Zeteo Biomedical Receives US Patent for Innovative Sublingual Delivery Device for Vaccines and Pharmaceuticals

AUSTIN, Texas -- Zeteo Biomedical, a privately held, biomedical device company, announced today it has been awarded a United States Patent for its "Oral Delivery Device and Methods" (US Patent 10238577). This latest patent expands the capabilities of Zeteo's ZEOx1™ Delivery Platform to systemically deliver drugs or biologics, into the body non-invasively via the sublingual route.

Sublingual delivery has emerged as a viable route of administration for vaccines and medications for pain, cardiovascular, allergy, seizure, sedation and emesis. The sublingual route avoids first pass metabolism and provides rapid systemic uptake into the body providing advantages over traditional oral medications.

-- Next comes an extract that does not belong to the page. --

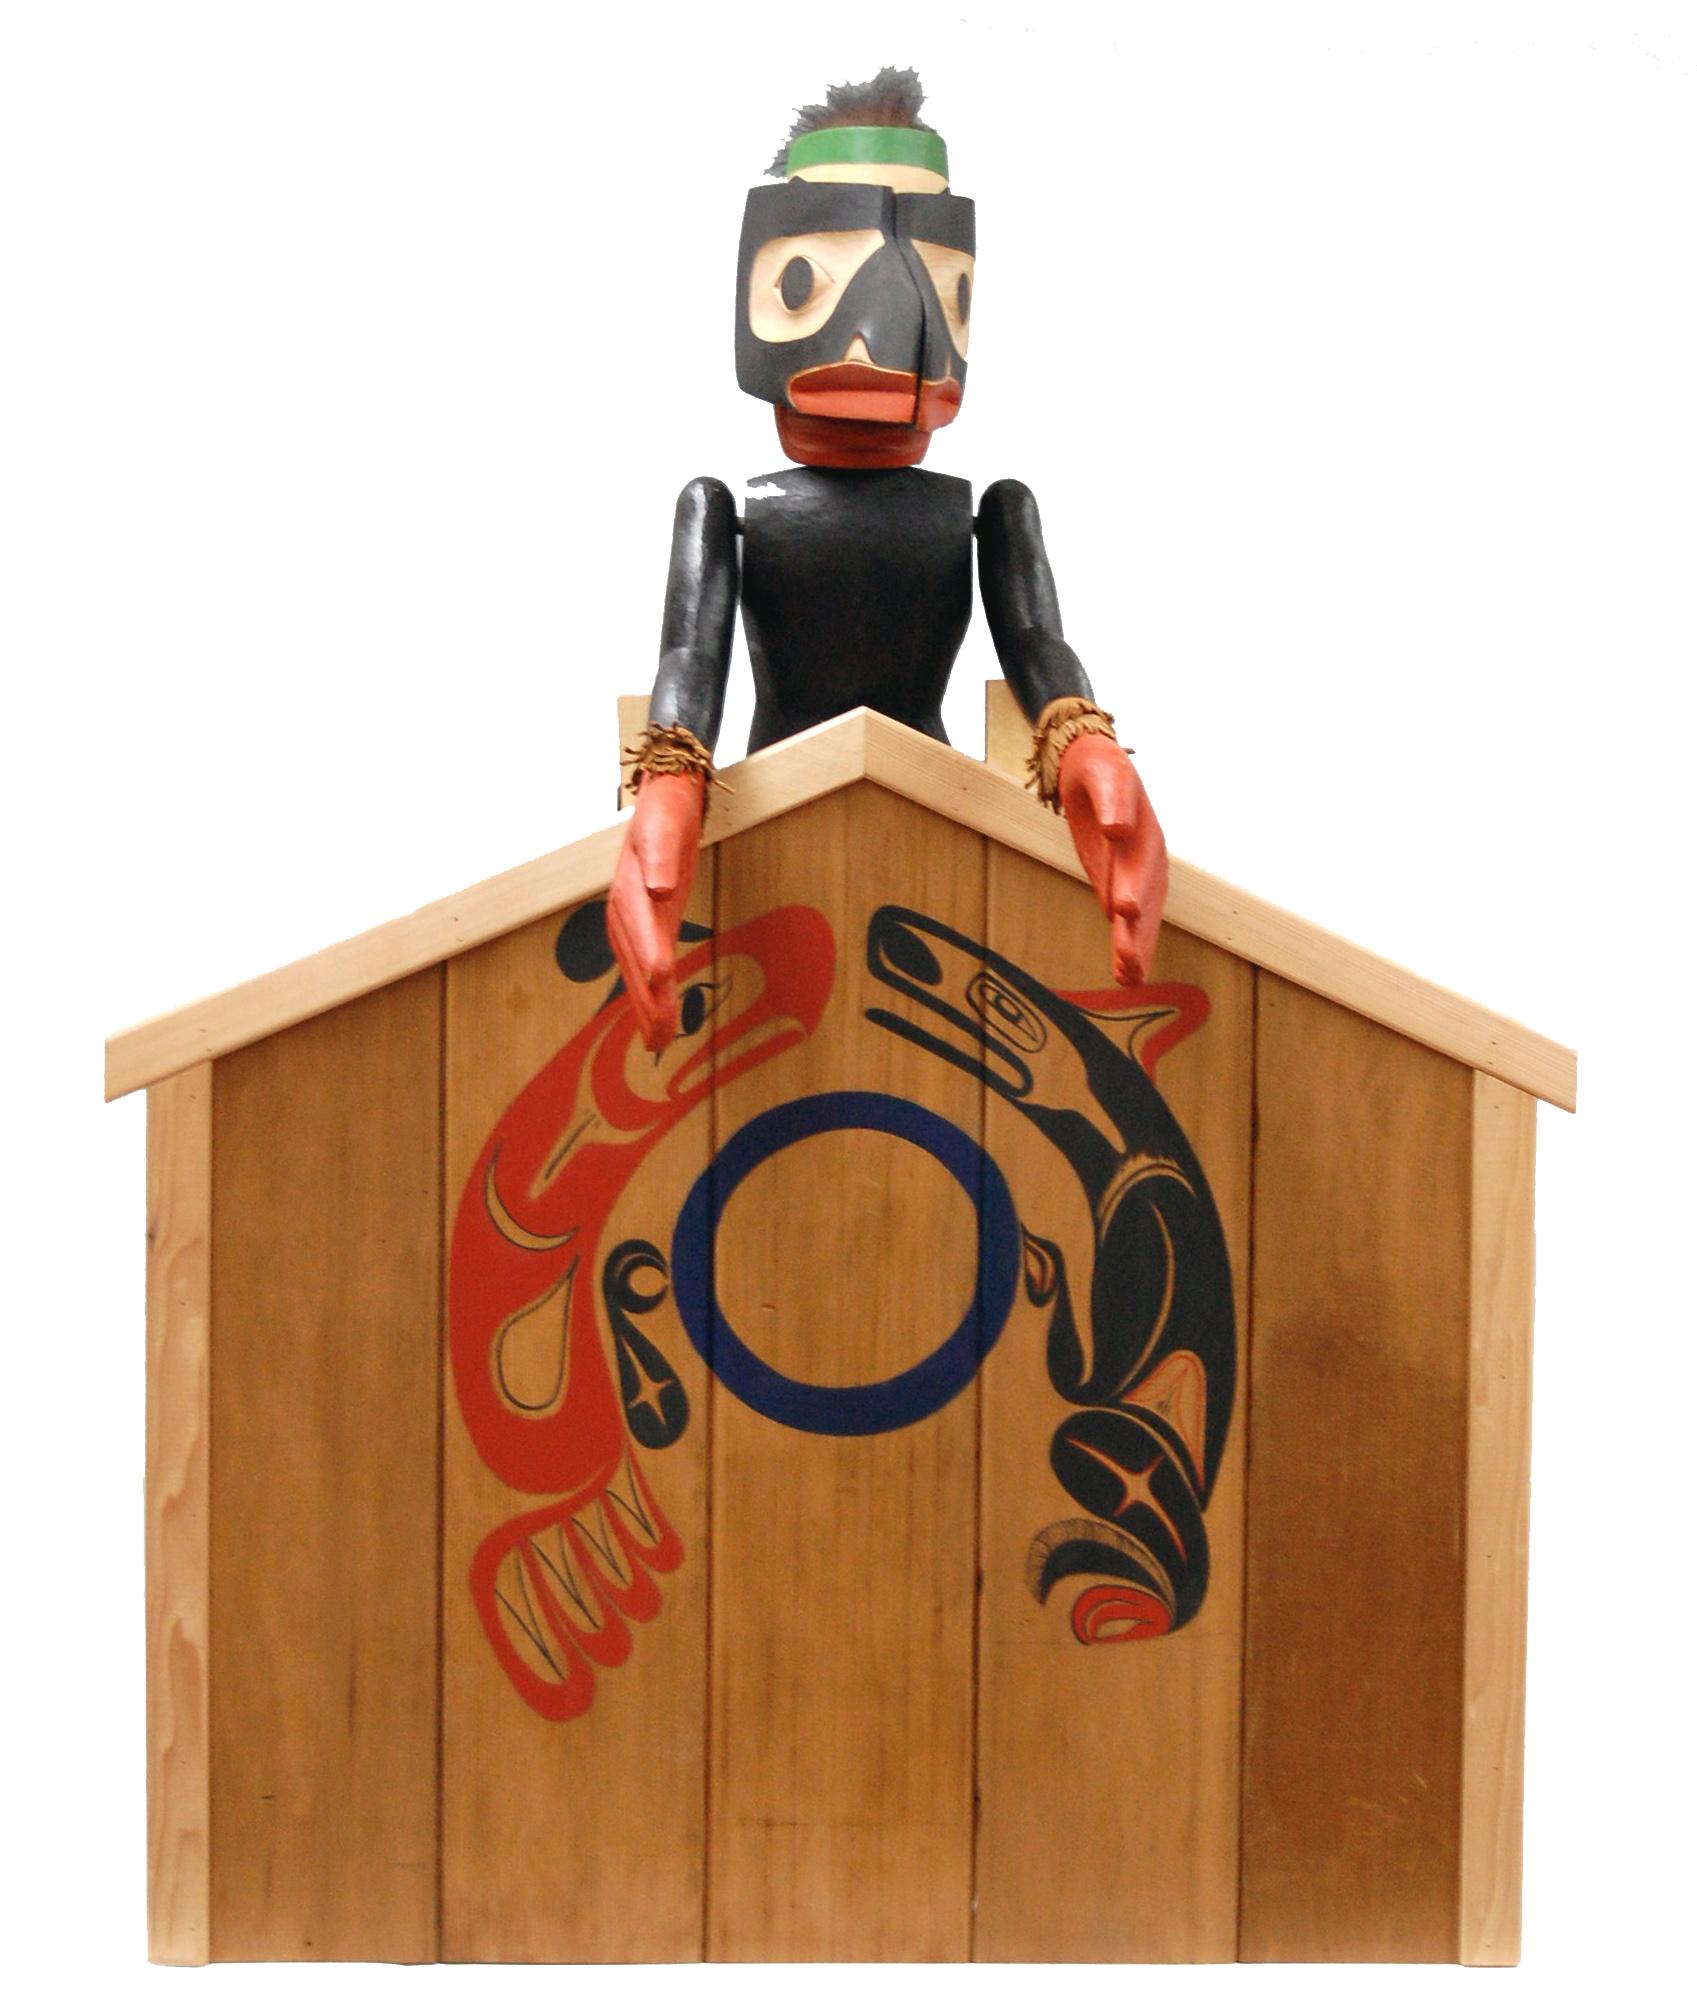 Marionnette à tiges de métamorphose d'un corbeau par George David, un membre des Nuu-chah-nulth / Nuučaan̓uł (Côte Nord-Ouest du Pacifique au Canada)

Zeteo's latest innovations expand its ZEOx1 Hydra™ sublingual delivery device family that include configurations for mono-dose disposable and mono-dose reloadable dispensers for vaccines, drugs, biopharmaceuticals, biologics and botanical liquid formulations. "We see expanding demand for metered dose sublingual delivery devices that are easy to use, convenient to carry, deliver a precise dose and can be self-administered," said Timothy Sullivan, President of Zeteo Biomedical.

Zeteo's delivery device technology and product integration services enable pharmaceutical and biotech manufacturers to develop drug/device combination products that can extend or establish market exclusivity and competitive differentiation for new or existing drugs and biologics. The shift to developing value added, patient-centric products benefit the consumer through improved compliance and health outcomes while building brand value for the pharmaceutical or biotech manufacturer. Zeteo's delivery platforms and products are designed to meet the diverse demands of consumers and pharma manufacturers in globally competitive markets.

About Zeteo Biomedical LLC

Zeteo Biomedical™ is a biomedical device technology company based in Austin, Texas. Zeteo provides patient-centric delivery device technology and unit dose fill/finish packaging for pharmaceuticals, biopharmaceuticals, biologics and botanicals for intranasal, nose-to-brain, ophthalmic, sublingual, and animal care product applications.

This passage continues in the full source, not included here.